**WHAT TO WORK ON:** From the data below, retype exactly the lines starting with the one that contains "Vratsataschlucht - Panoramaaufnahme" and ending with the one that contains "Kingfisher verde hembra", both included.

**MATERIAL FOR THE TASK:**
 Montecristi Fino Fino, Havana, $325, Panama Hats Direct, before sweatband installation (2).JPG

...

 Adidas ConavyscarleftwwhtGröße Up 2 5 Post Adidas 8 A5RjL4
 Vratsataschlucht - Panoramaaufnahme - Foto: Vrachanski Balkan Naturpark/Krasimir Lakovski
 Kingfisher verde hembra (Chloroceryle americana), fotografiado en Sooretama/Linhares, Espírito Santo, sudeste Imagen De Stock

**FINISHED EXERCISE:**
 Vratsataschlucht - Panoramaaufnahme - Foto: Vrachanski Balkan Naturpark/Krasimir Lakovski
 Kingfisher verde hembra (Chloroceryle americana), fotografiado en Sooretama/Linhares, Espírito Santo, sudeste Imagen De Stock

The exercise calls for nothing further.